- [Data section]

....................

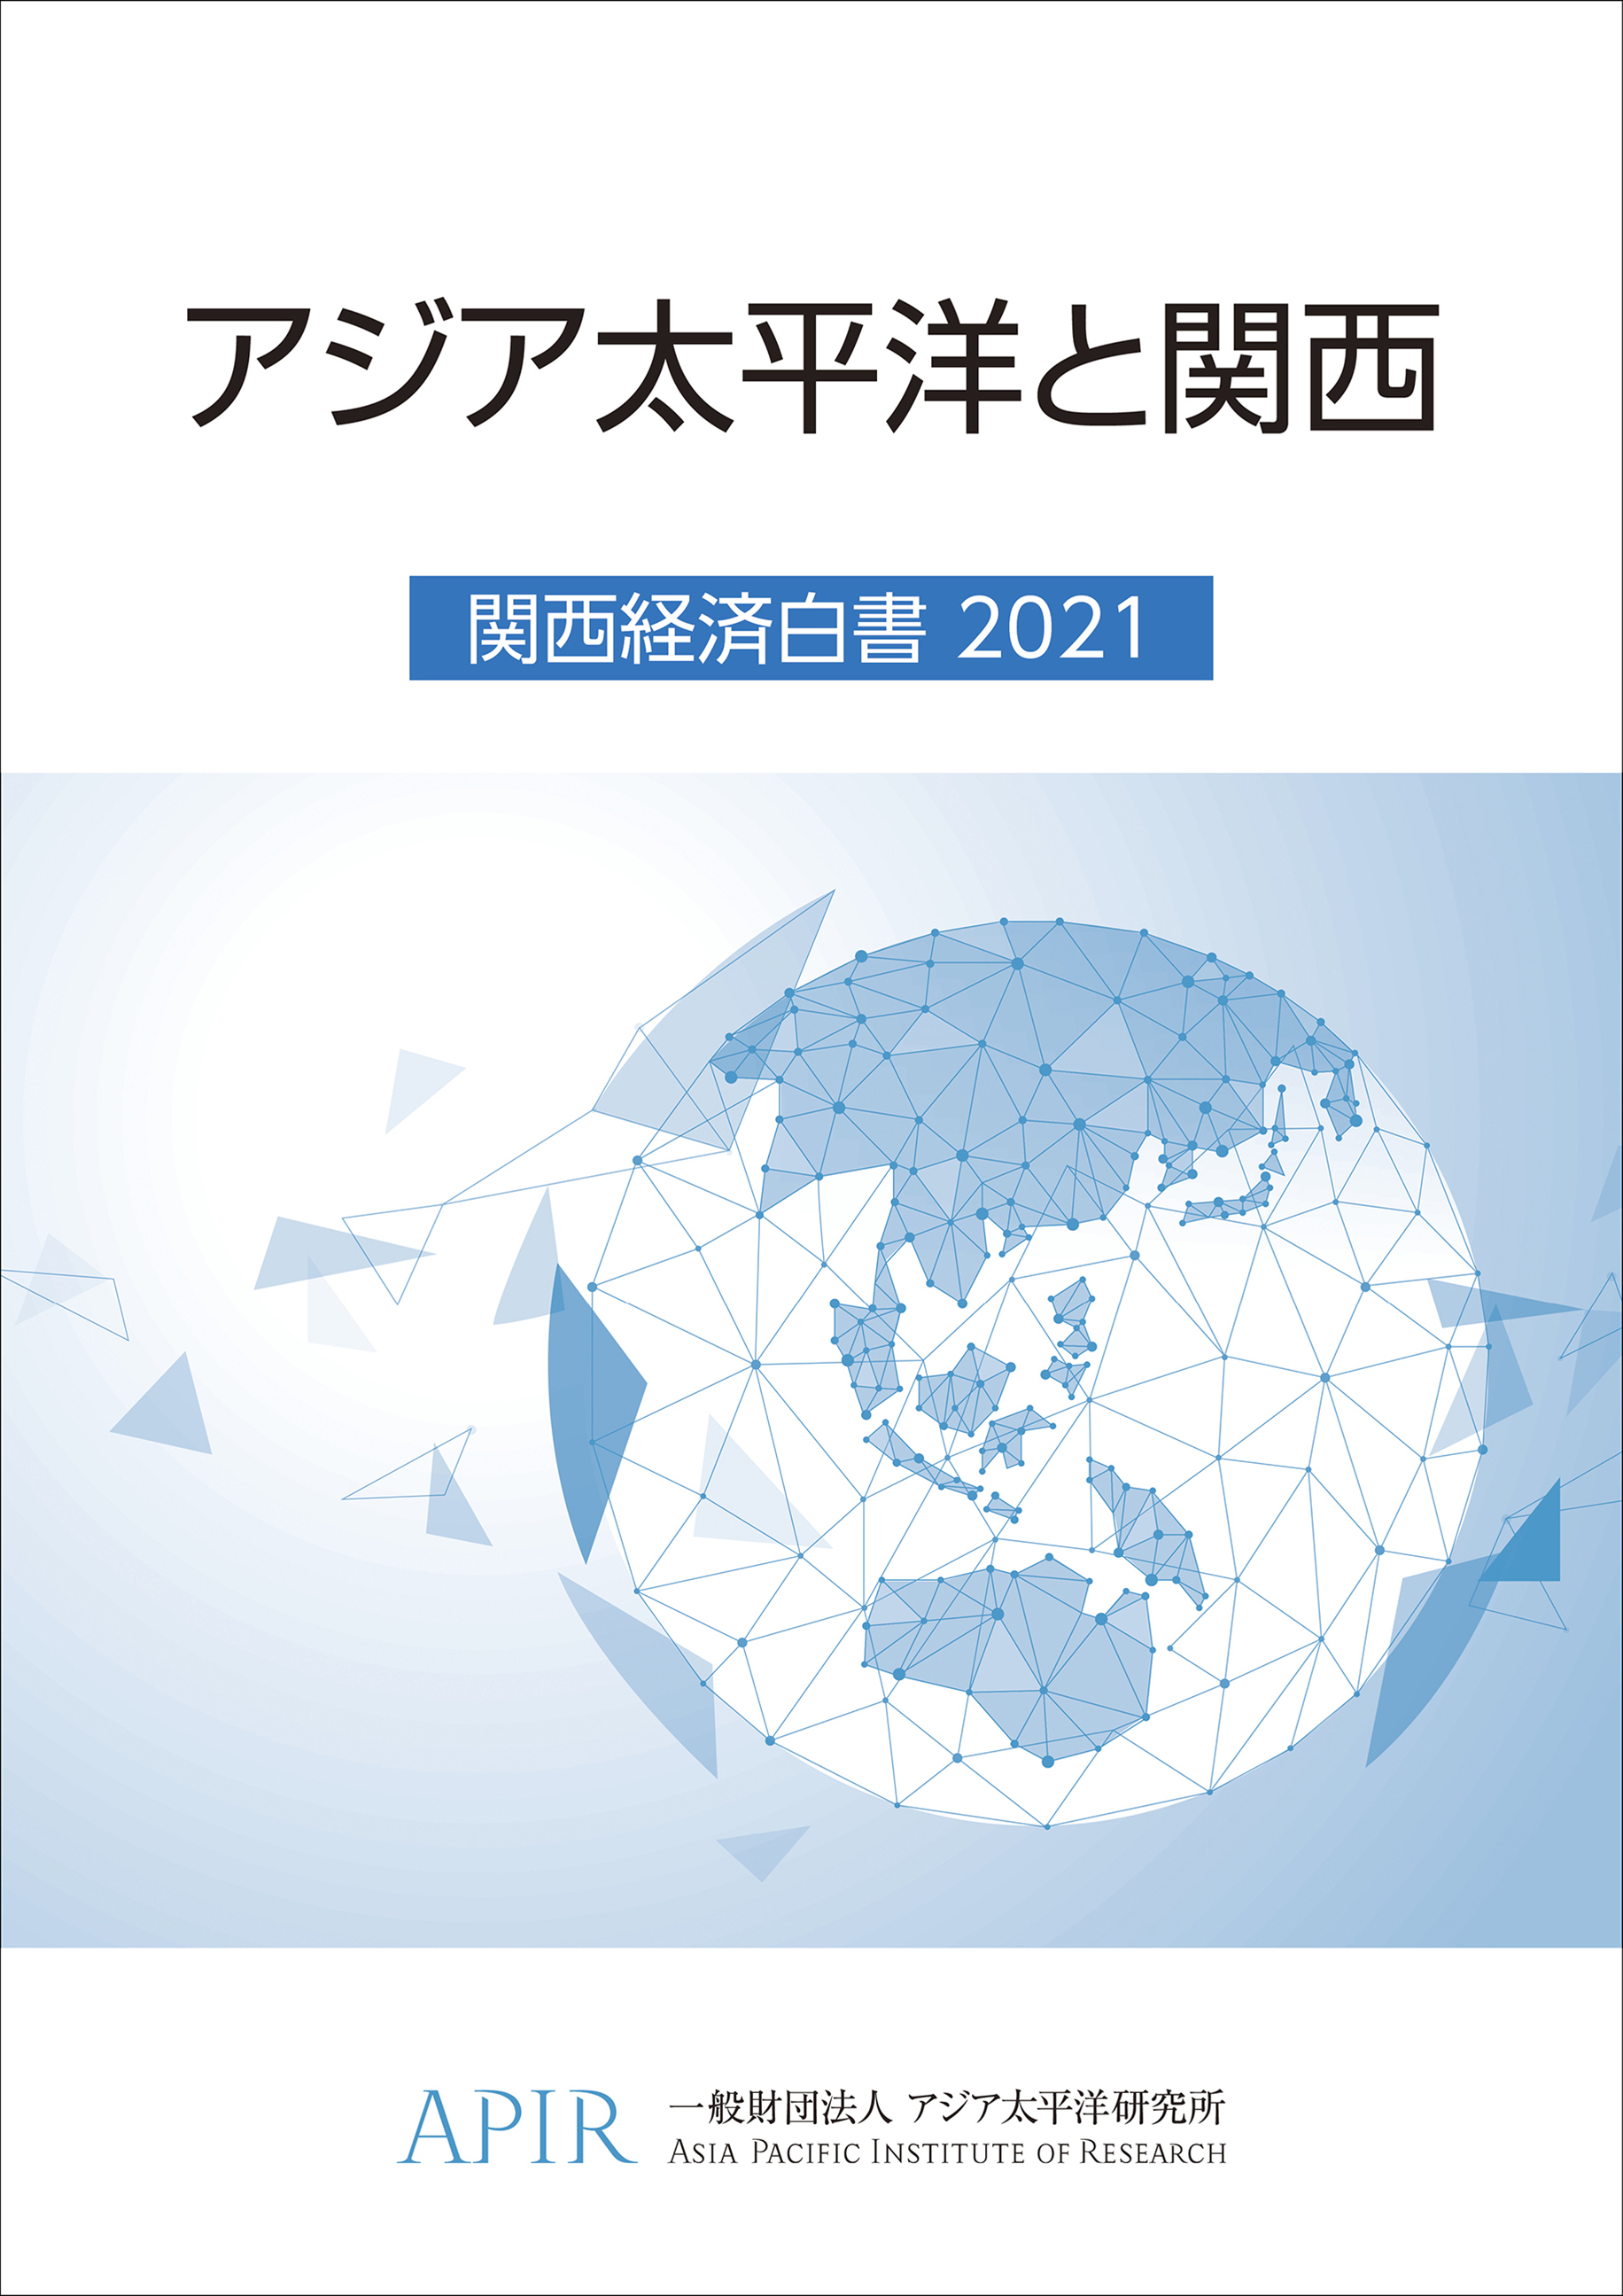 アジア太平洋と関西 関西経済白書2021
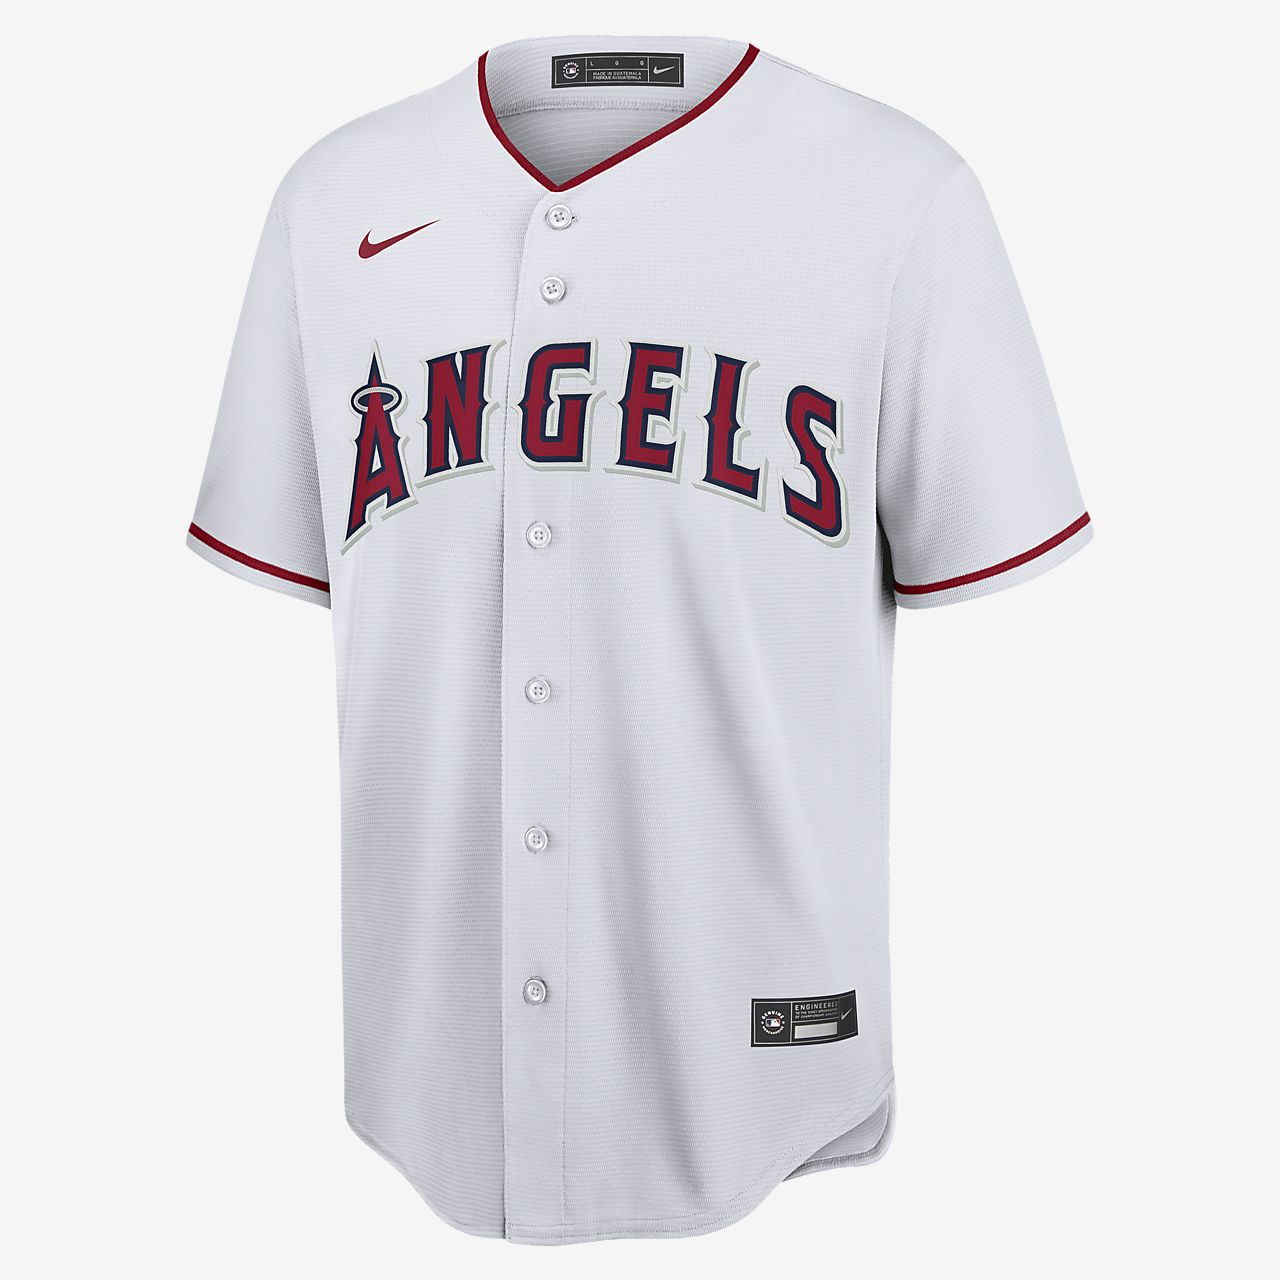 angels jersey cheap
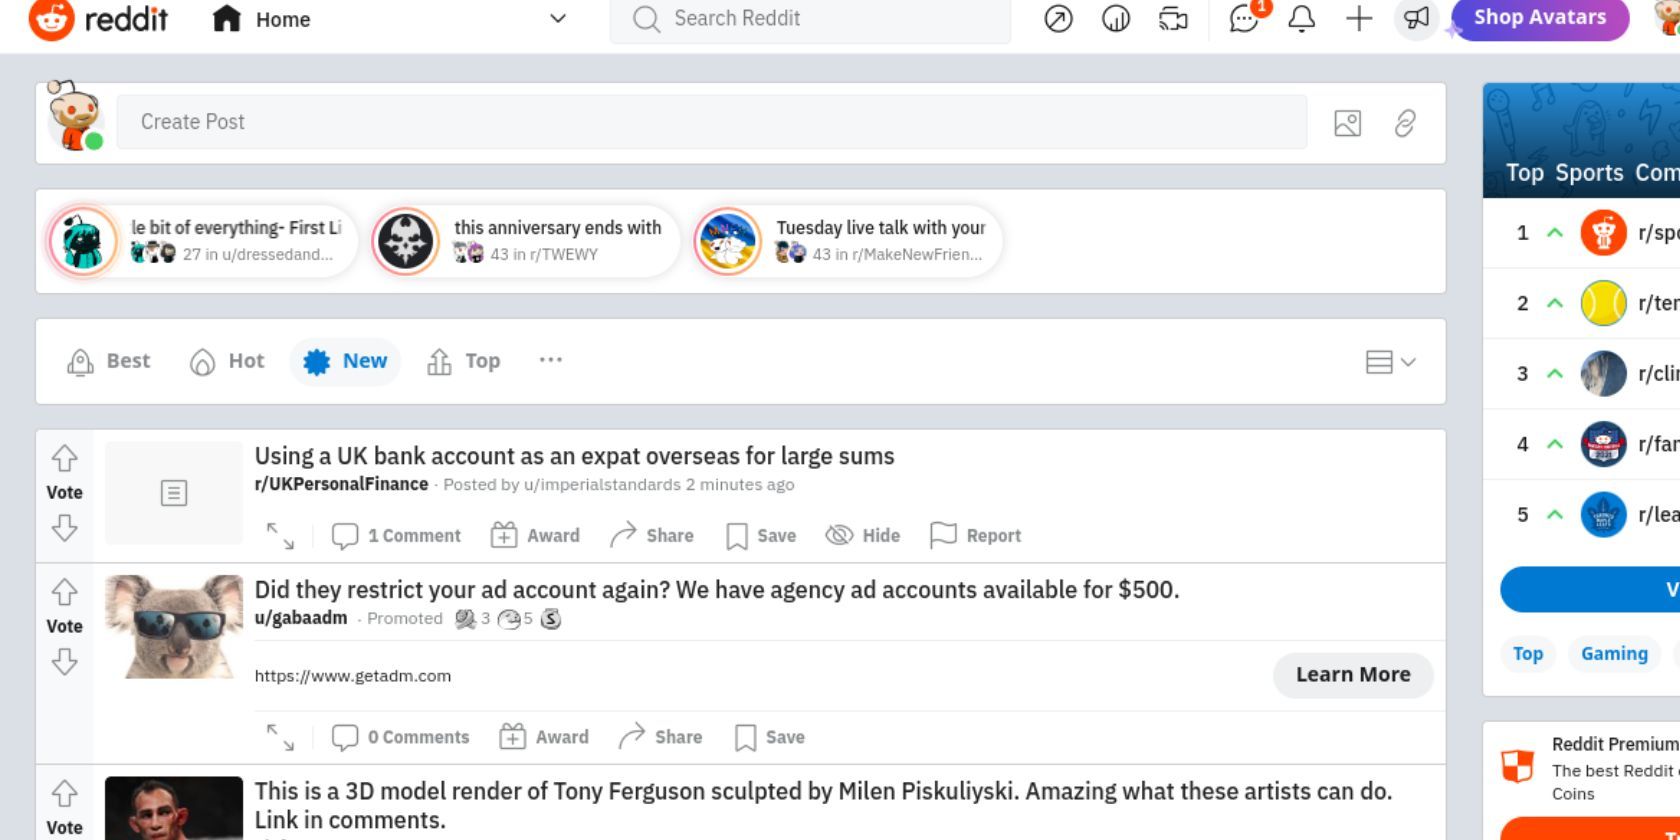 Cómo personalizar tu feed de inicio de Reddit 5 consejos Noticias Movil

....................

- [Exercise]
Exclude the pictures and give back the rest of the data above exactly as written.

- [Response]
 アジア太平洋と関西 関西経済白書2021
 angels jersey cheap
 Cómo personalizar tu feed de inicio de Reddit 5 consejos Noticias Movil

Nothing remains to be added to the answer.